On the substance of the issue, meanwhile, the Journal offers a combination of outright falsehoods and hand-waving. The paper writes, “Job mobility in America hasn’t suffered despite non-compete clauses”; in fact, labor mobility has steadily declined in the U.S. since the 1980s. The Journal asserts that noncompetes “encourage innovation” in the tech sector but declines to grapple with any of the evidence to the contrary, including … the entirety of Silicon Valley: If noncompete agreements are required for innovation, it is rather odd that America’s high-tech sector is headquartered in a state that has prohibited noncompete agreements since the late 19th century.

To be sure, the fact that conservatives have made weak arguments against the FTC’s rule does not mean their avowed commitment to free markets is disingenuous. As noted above, one can theoretically reconcile opposition to the FTC proposal with support for free markets by insisting that the former violates freedom of contract. As Lincicome argued on Twitter, “in general, policy should have a strong, general presumption AGAINST government intrusion into private transactions.”

Yet the right does not honor that principle with any consistency. When Vedder championed “the right to sell one’s labor services without attenuation” for Cato in 2010, he did so in the name of supporting “right to work” laws. Such laws intrude on private transactions between businesses and workers. In states without right-to-work laws, unionized laborers and firms have the right to freely enter into contracts that require all of a firm’s workers to pay fees that cover the unions’ costs of bargaining, a.k.a. “agency fees.” This is critical for maintaining unions’ finances: If workers are allowed to secure the benefits of collective bargaining (which generally include the services of union lawyers) without paying for them, free riders can drain the union’s funds.

In states without right-to-work laws, workers who detest unions can still choose not to work at firms with such contracts. If they take a job at such a firm anyway, then they’ve freely entered into a labor agreement that mandates paying fees to a union. Yet, in that case, the Cato Institute believes the freedom of contract must be subordinated to the worker’s abstract economic right to sell their labor services however they see fit. In other words: When employers leverage their bargaining power to impose noncompete clauses on workers, we must not intrude upon their freedom of contract. When unionized workers leverage their bargaining power to impose agency fees on free riders, however, the government must intervene to ban such work arrangements.

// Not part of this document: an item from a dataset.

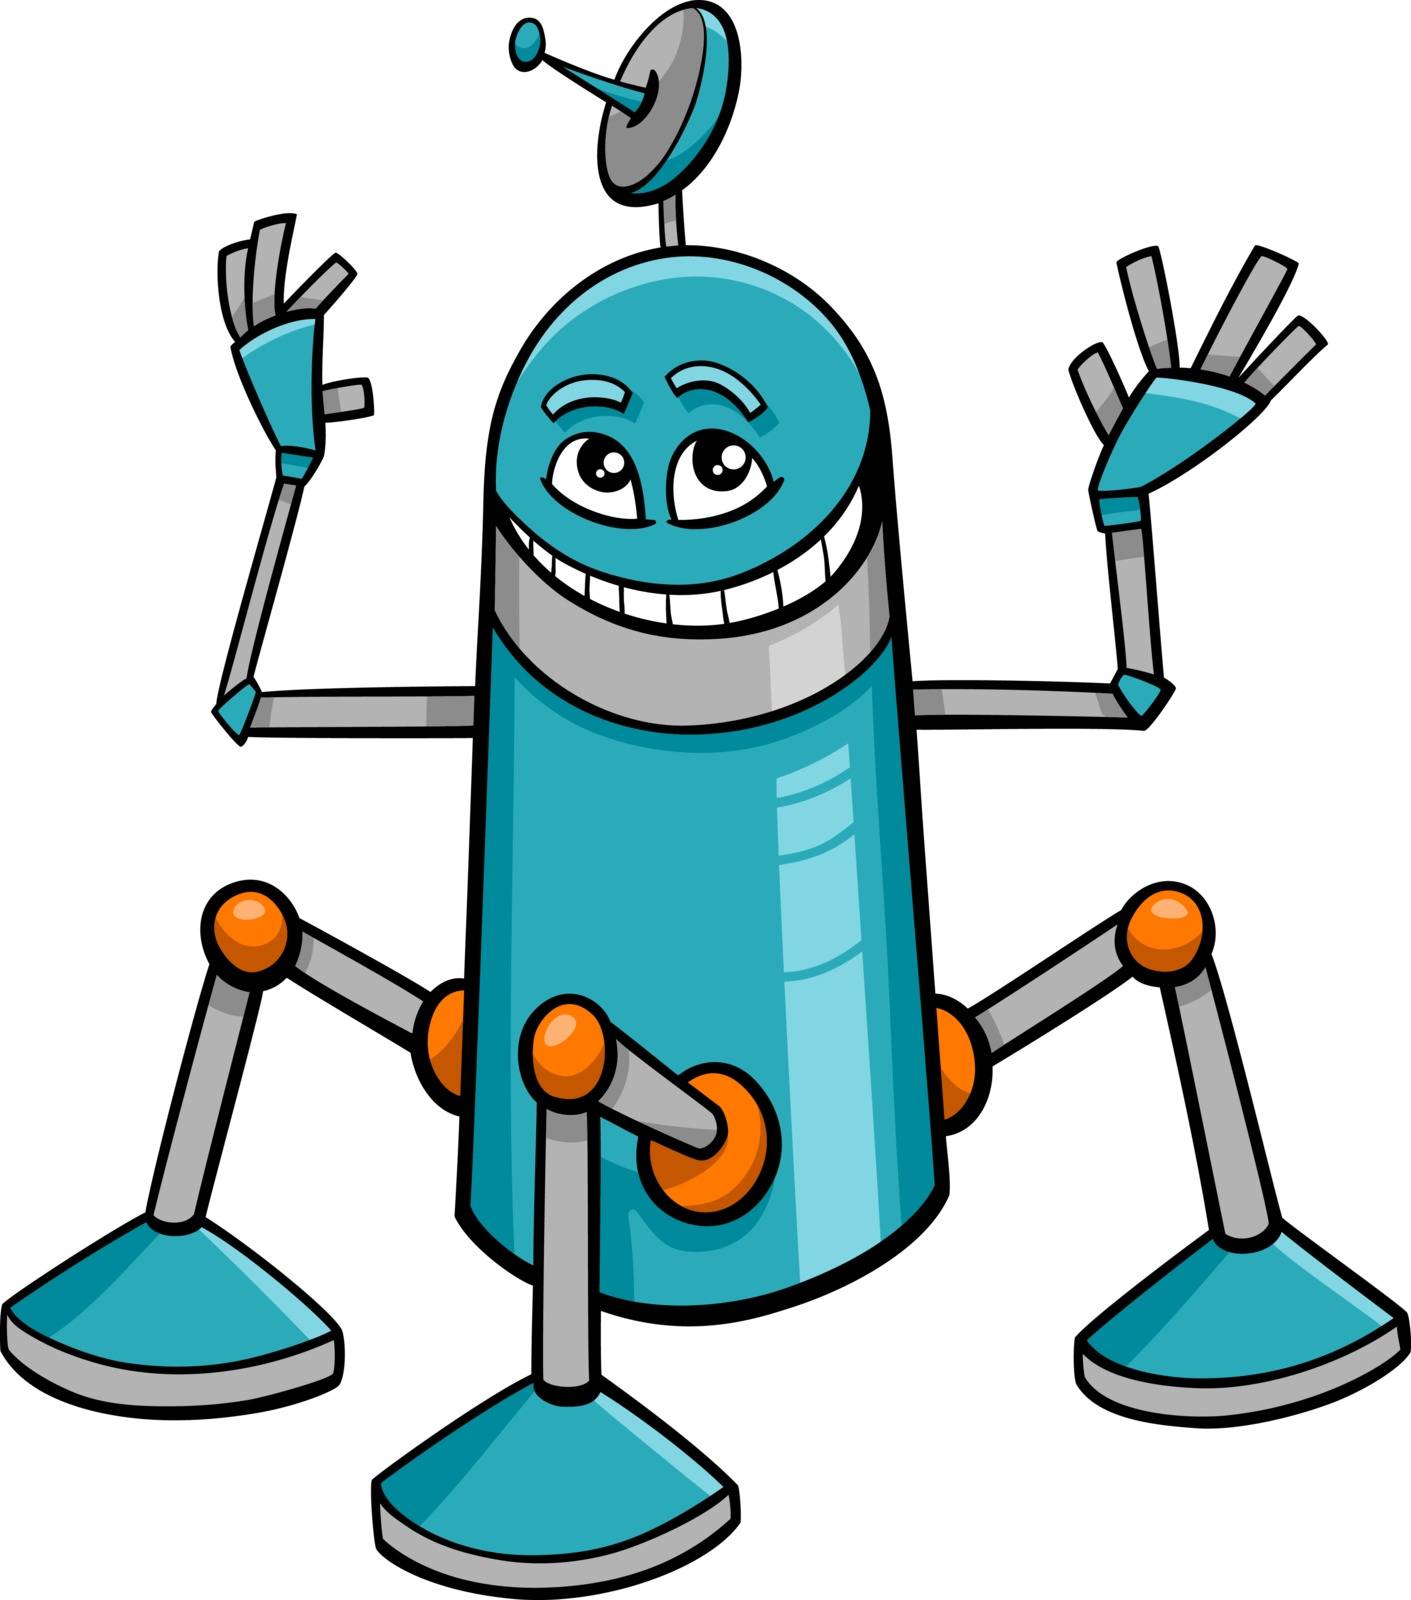 Cartoon Illustration of Funny Robot Comic Character

This is a strange pair of positions for a political movement impartially committed to free-market ideals. It is a quite natural one, however, for a movement principally devoted to perpetuating the economic domination of business owners and bosses.

When markets get in the way of worker domination, to Republicans it’s always the latter that must prevail. And while Republicans sometimes oppose corporate interests, it’s never to protect workers, but because of other core Republican principles like “only rich people should have health insurance” or “queer people should not be treated with dignity.”